_Data extracts:_
·····
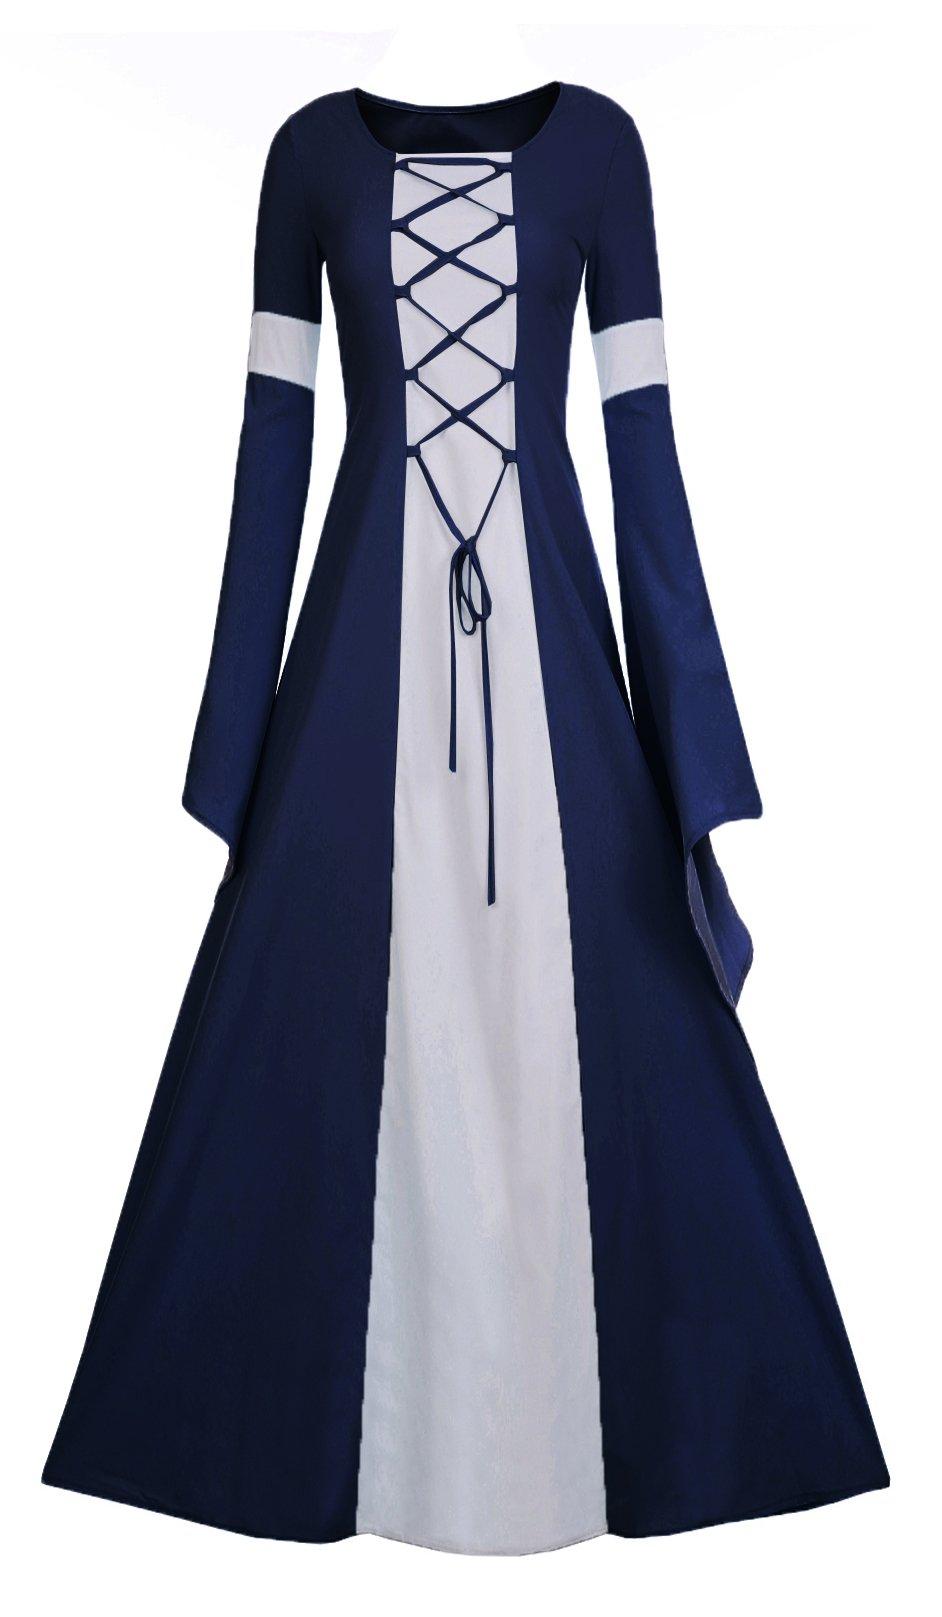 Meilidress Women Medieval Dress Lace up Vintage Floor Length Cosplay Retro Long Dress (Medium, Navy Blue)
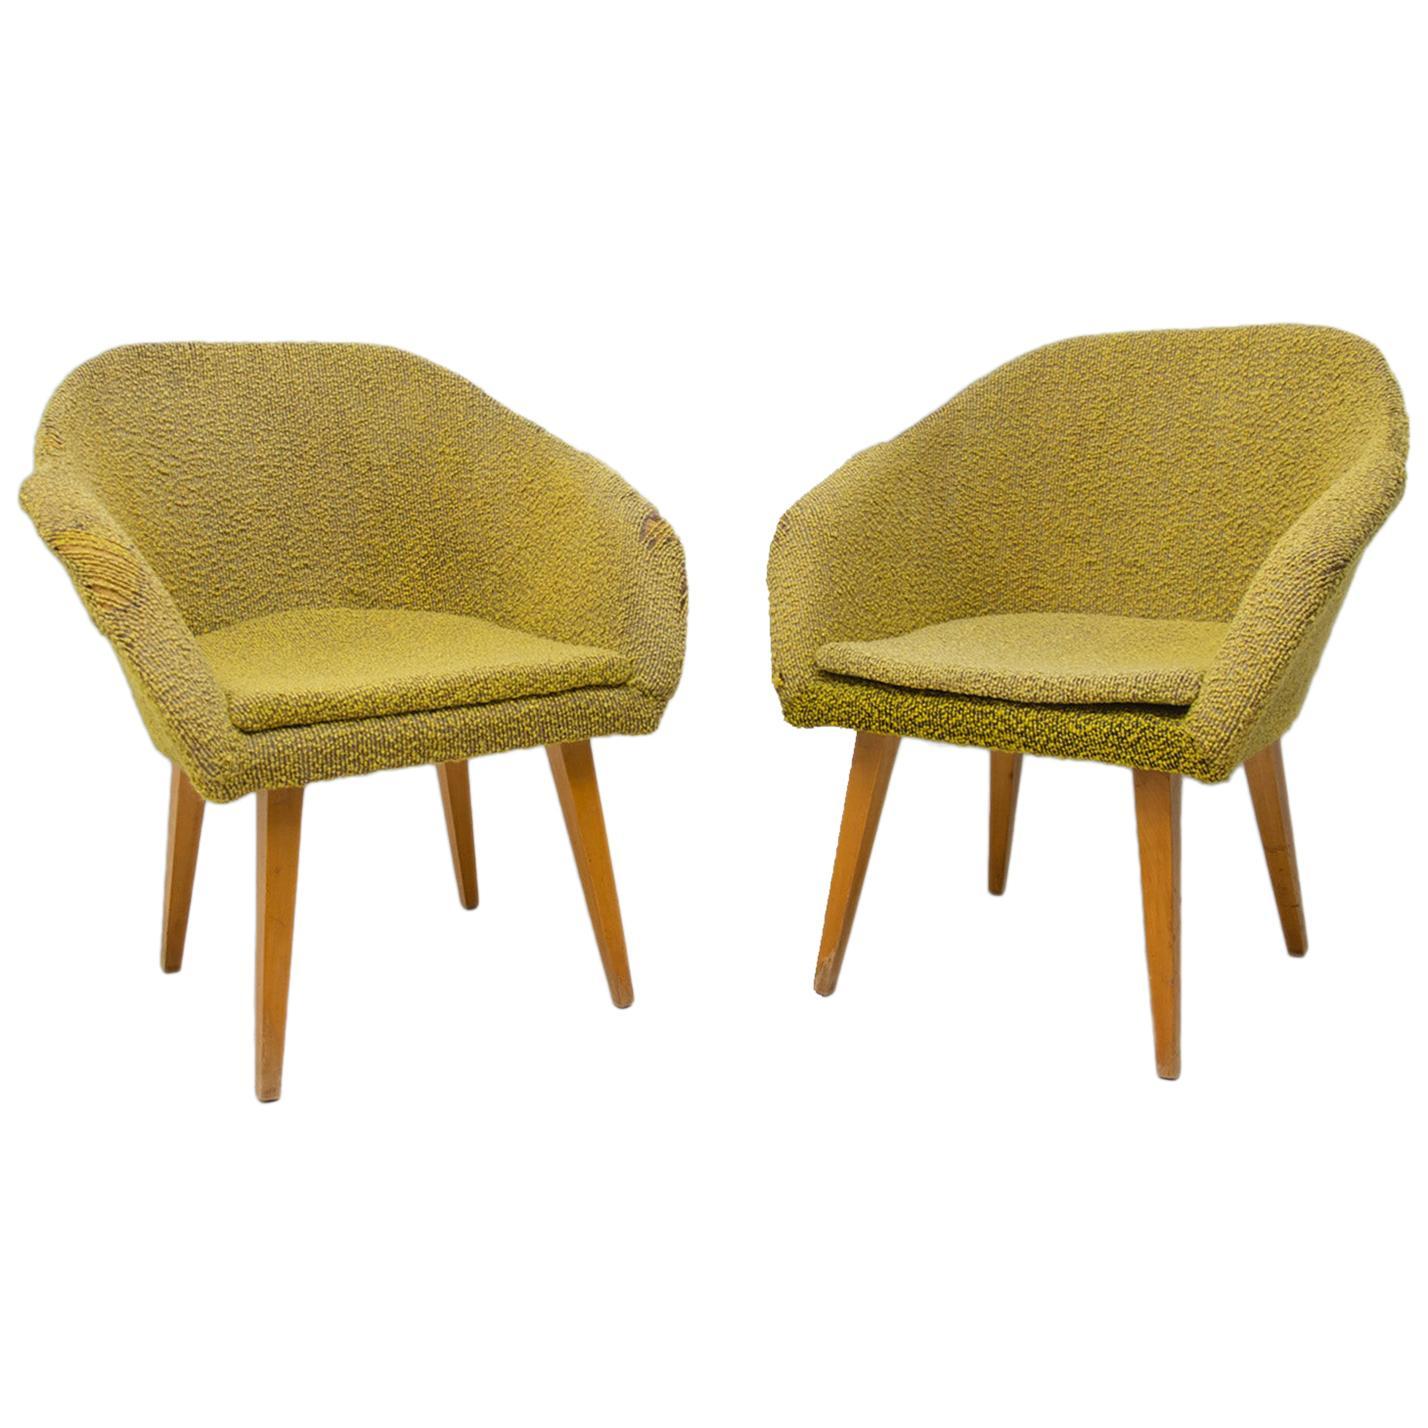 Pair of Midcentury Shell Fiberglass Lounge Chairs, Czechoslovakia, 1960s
·····
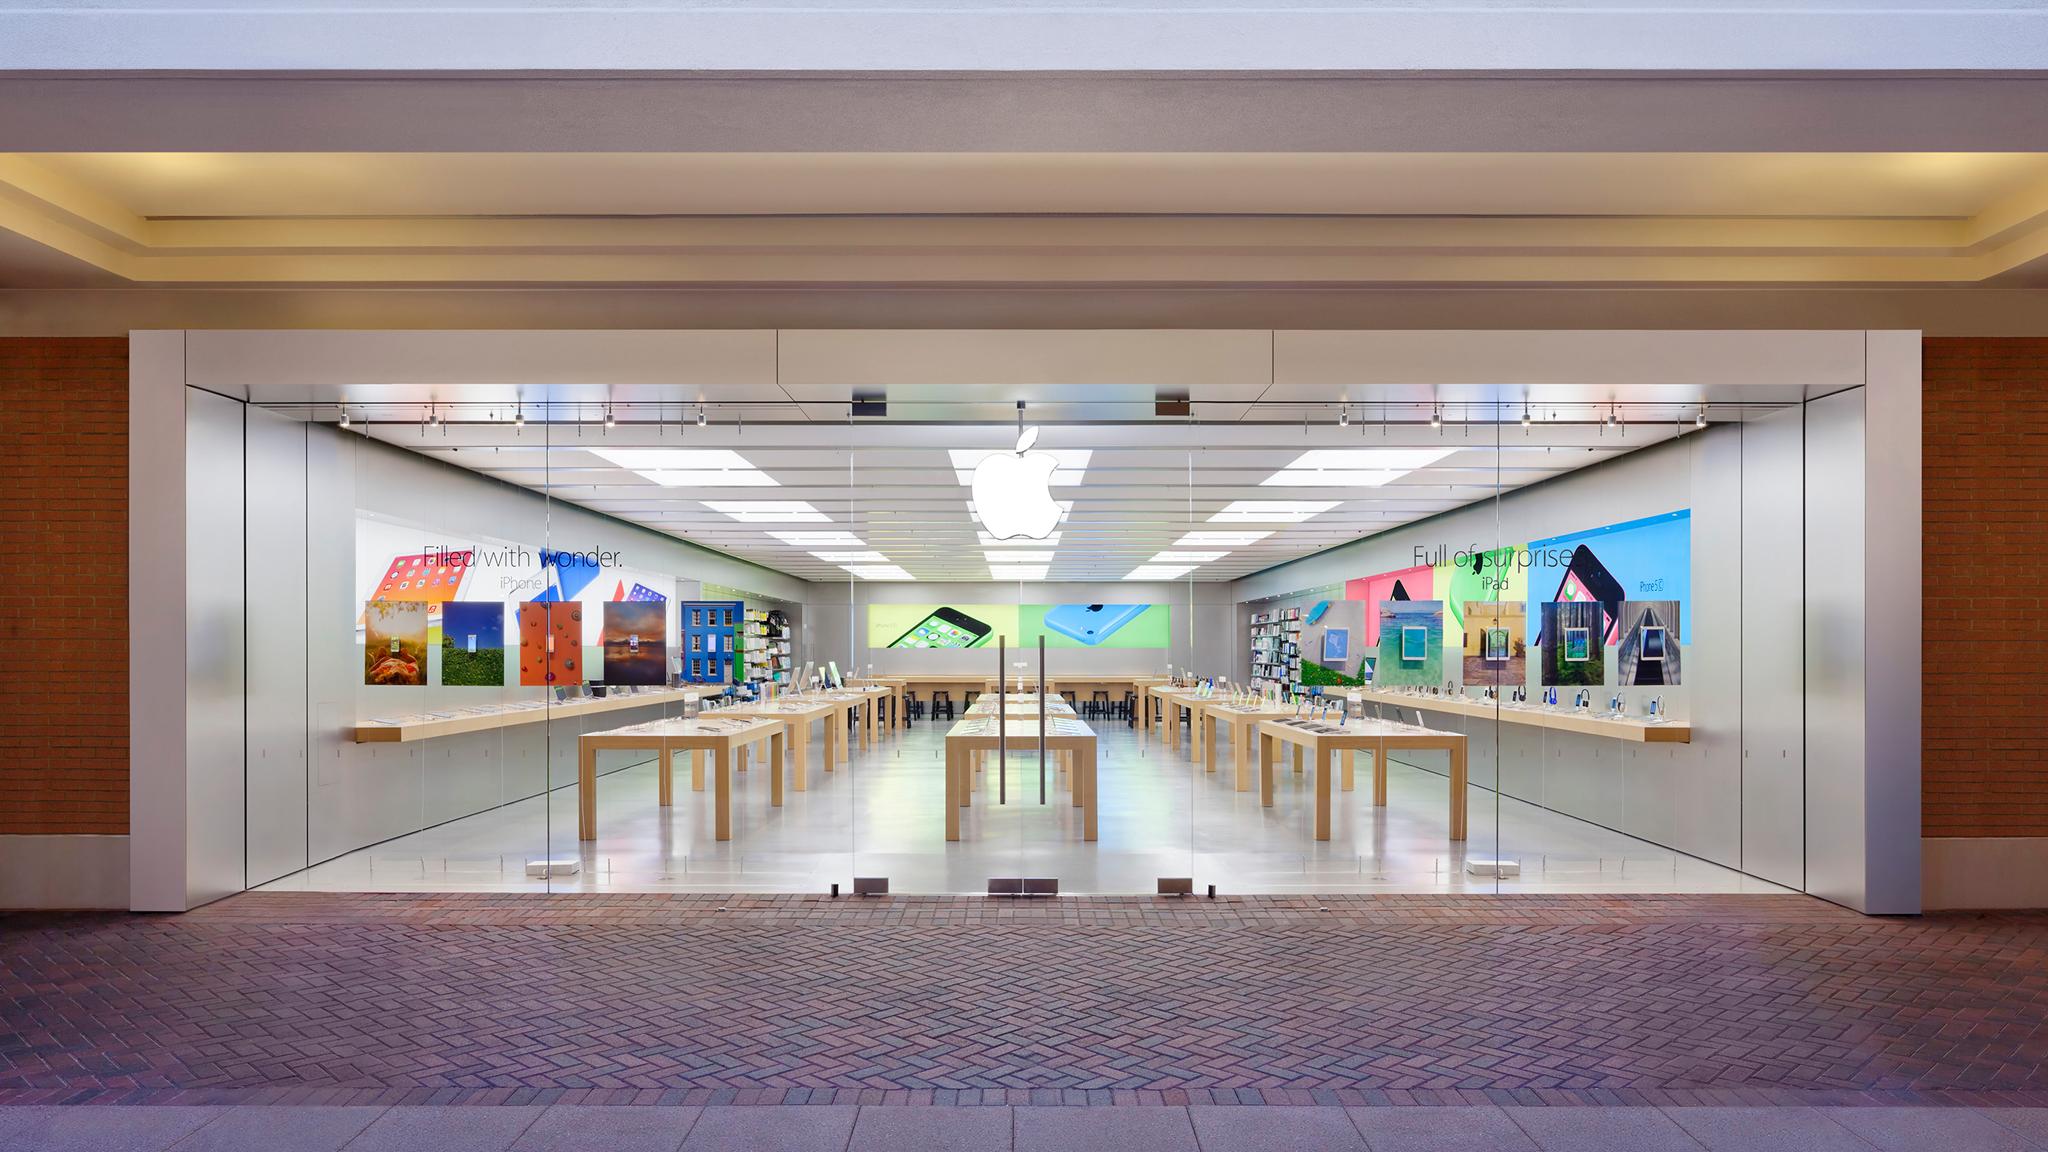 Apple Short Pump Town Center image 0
·····
_Work instructions:_
Look above for the line containing "Meilidress Women Medieval" and the line containing "Pair of Midcentury", then reproduce both and everything between them exactly, pictures omitted.

_Answer for this exercise:_
 Meilidress Women Medieval Dress Lace up Vintage Floor Length Cosplay Retro Long Dress (Medium, Navy Blue)
 Pair of Midcentury Shell Fiberglass Lounge Chairs, Czechoslovakia, 1960s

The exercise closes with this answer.